• _TASK GOAL_
Would you please transcribe, exactly as written, the lines of the entries below starting at the one that holds "Cukrzyca Typu 2" and ending at the one that holds "426 mejores imágenes", both included?

• _GIVEN INFORMATION_
-=-=-

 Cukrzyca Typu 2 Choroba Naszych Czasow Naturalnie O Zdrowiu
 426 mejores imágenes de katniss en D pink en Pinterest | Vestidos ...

-=-=-

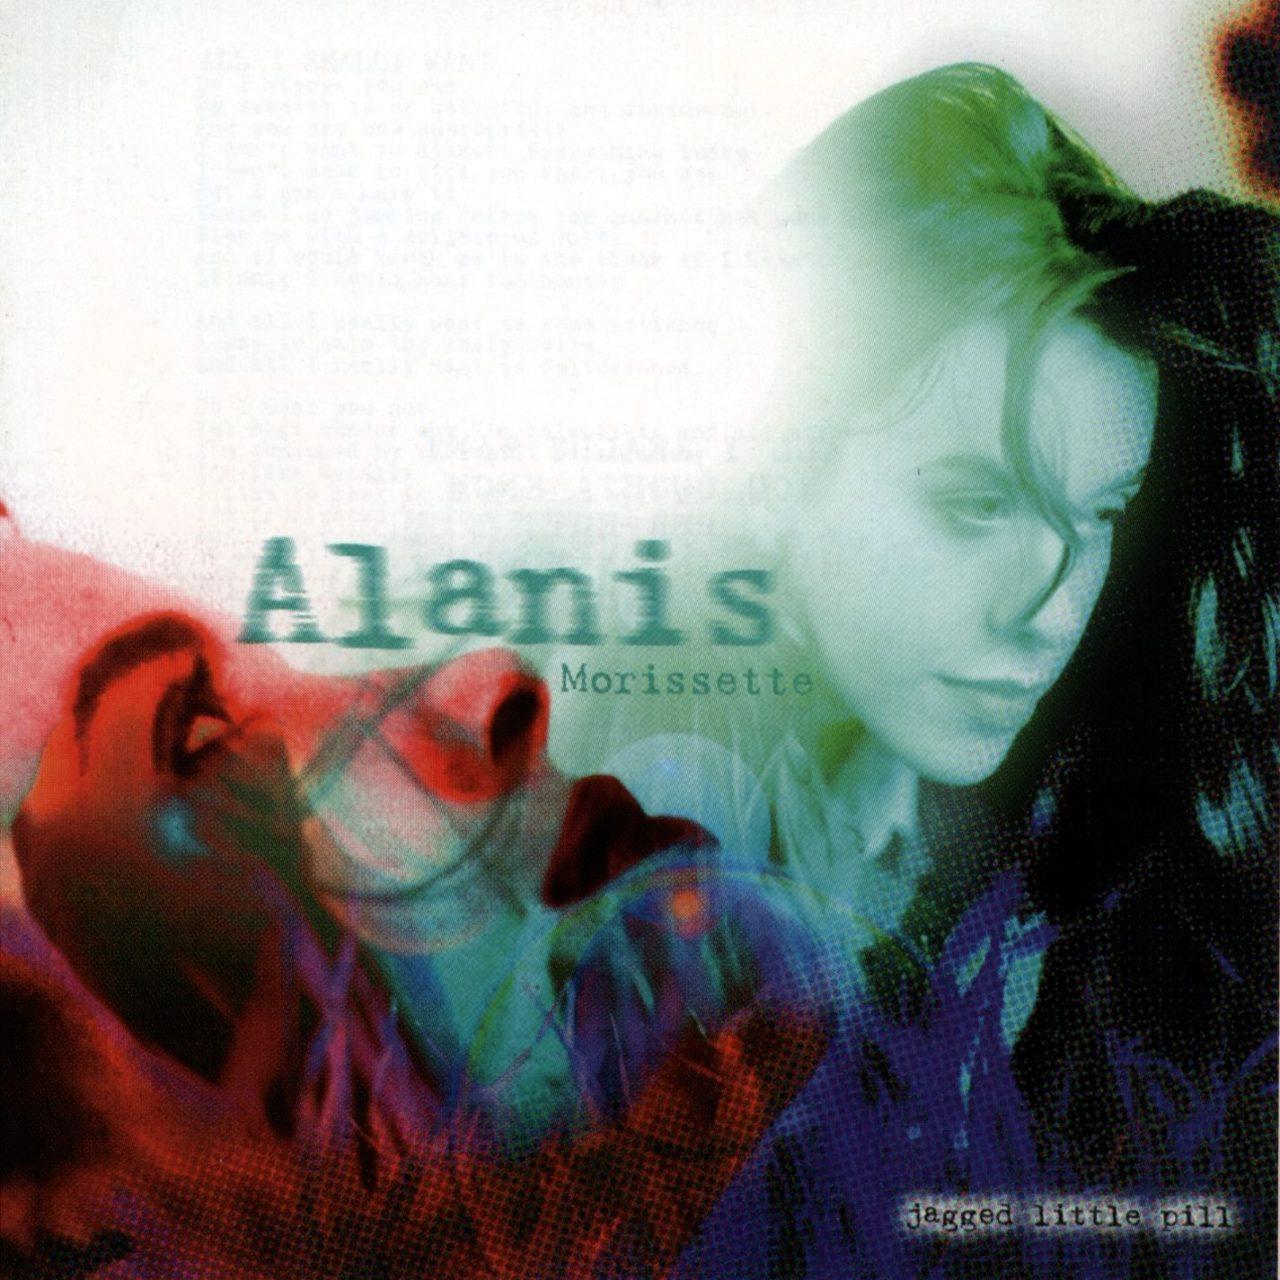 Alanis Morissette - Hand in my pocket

-=-=-

• _REPLY_
 Cukrzyca Typu 2 Choroba Naszych Czasow Naturalnie O Zdrowiu
 426 mejores imágenes de katniss en D pink en Pinterest | Vestidos ...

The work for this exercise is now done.